# Question arising from quantum mechanics concerning groups and symmetries

I'm trying to understand a calculation my professor did in my quantum mechanics script. Here it is:

Each rotation $R \in O(3)$ induces a unitary transformation in $L^2(R^3)$, i.e. the space of square integrable real functions. $U( R ): \psi(\vec{x}) \rightarrow \psi(R^{-1} \vec{x})$.

The professor goes on to show that $R \rightarrow U( R)$ is a unitary representation of O(3).

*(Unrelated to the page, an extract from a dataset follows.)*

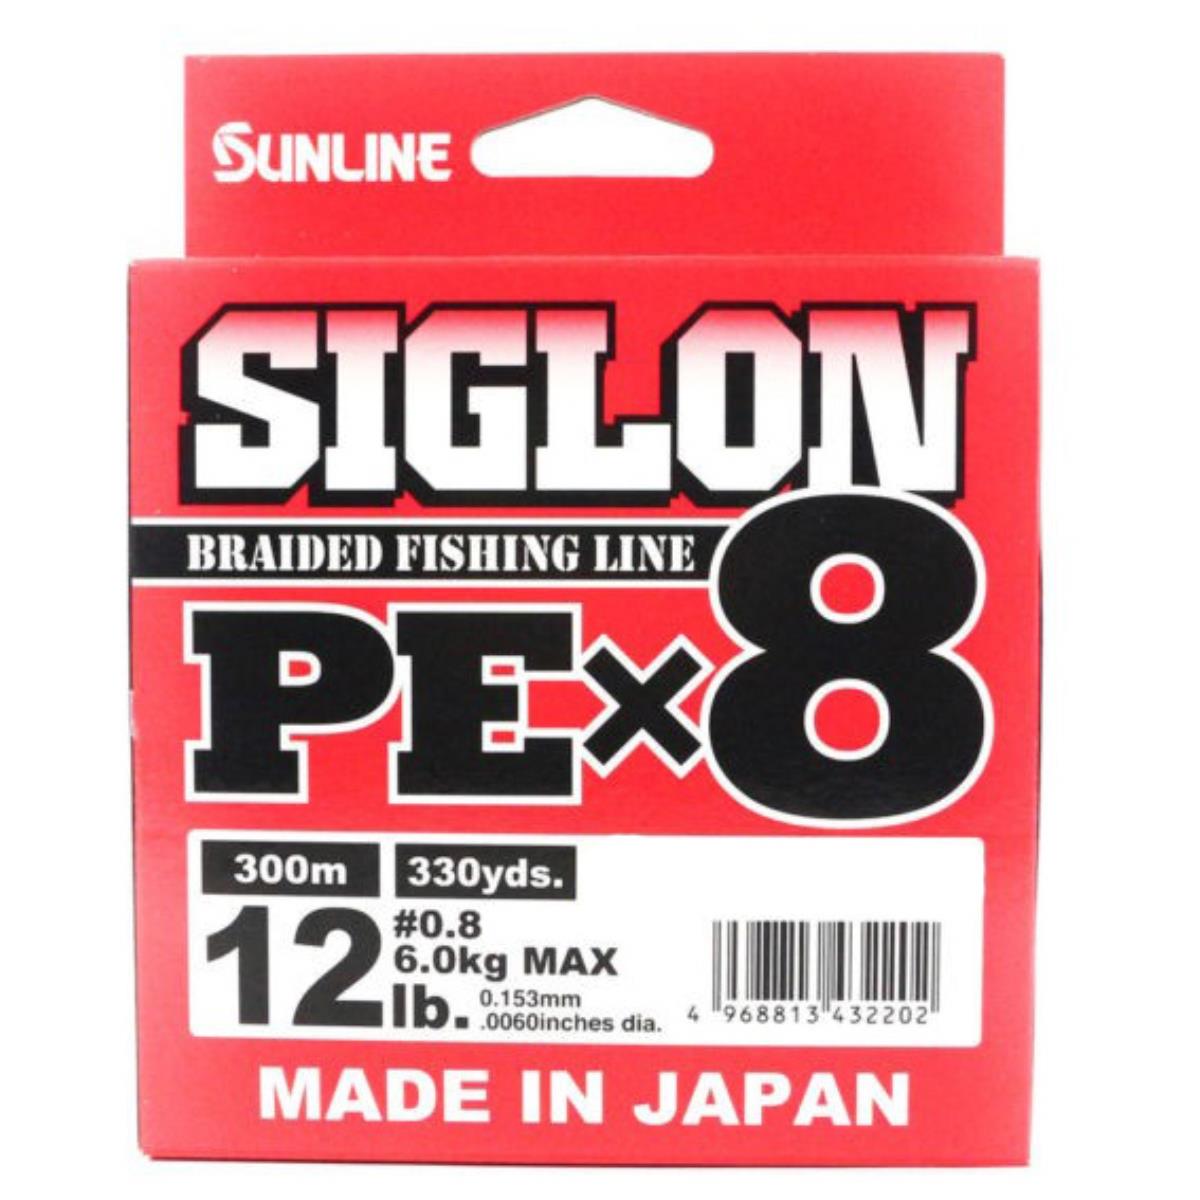 Шнур SIGLON PE×8 150M (Multikolor 5C) Sunline шнур
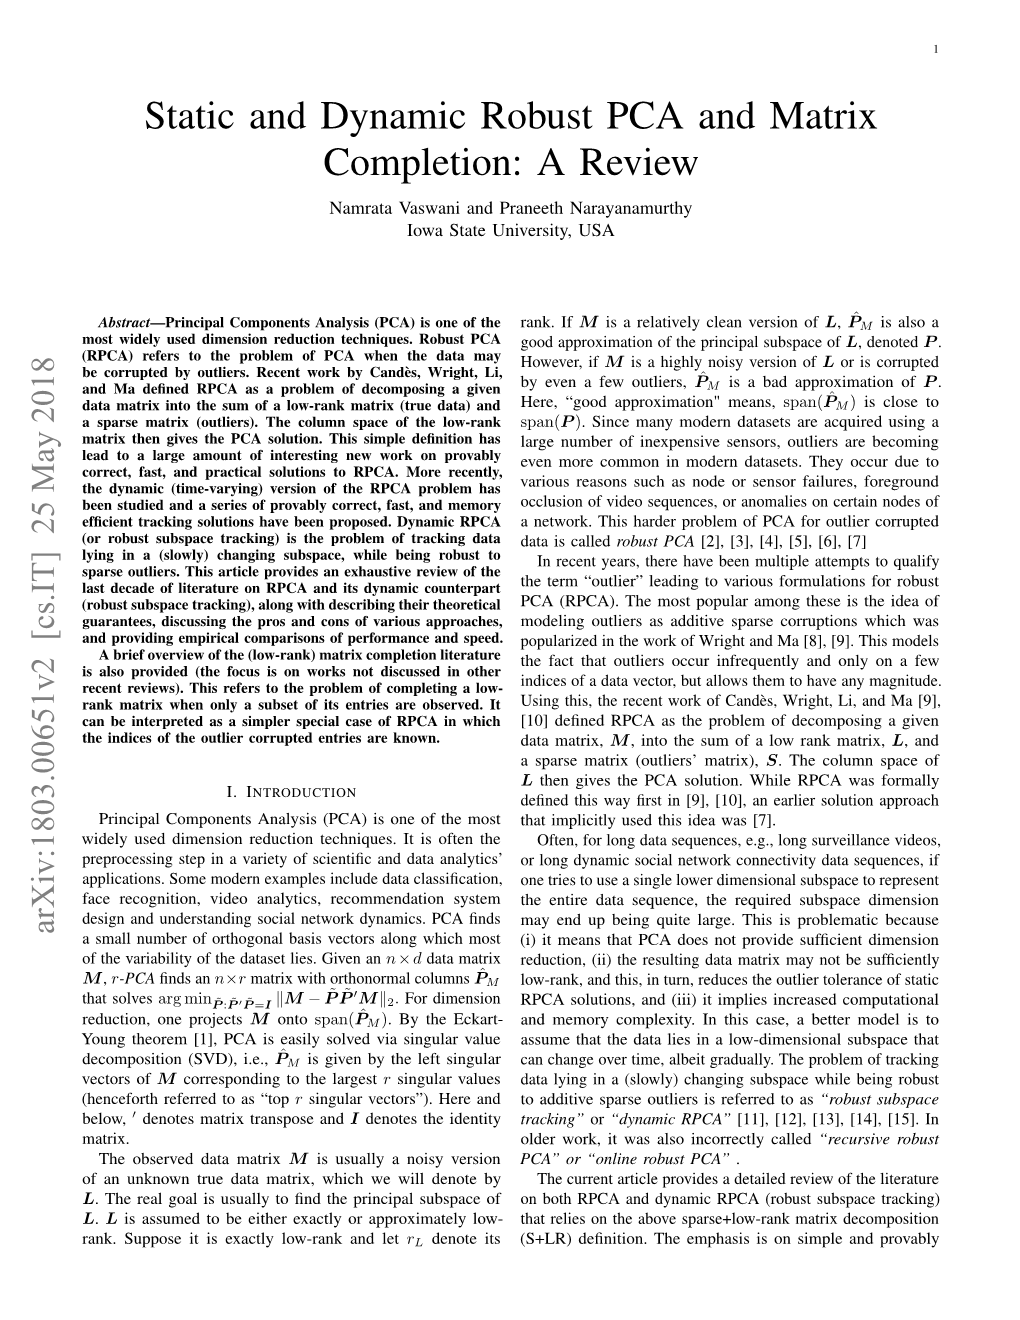 Static and Dynamic Robust PCA and Matrix Completion: a Review Namrata Vaswani and Praneeth Narayanamurthy Iowa State University, USA

He does that by showing $U( 1 ) = id$ and $U(R_2)U(R_1) = U(R_2 R_1)$. The first one is trivial while the second one seems to be wrong for the definition of $U(R )$ above.

$U(R_2)U(R_1) \psi(\vec{x}) = U(R_2)\psi(R_1^{-1} \vec{x}) = \psi(R_2^{-1} R_1^{-1} \vec{x}) = \psi((R_1 R_2)^{-1}\vec{x})$. Which isn't the same as $U(R_2 R_1)$.

Does anybody know where I went wrong?

Second question is:

It says in the script "$U(\lambda) = U(R(\lambda))$ produces a 1 parameter unitary group. Its generating function A is: $(A\psi)(\vec{x}) = i\hbar \frac{d}{d \lambda} \psi(R(-\lambda)\vec{x})$". Without really explaining where this comes from. What definition do I need to understand that equation?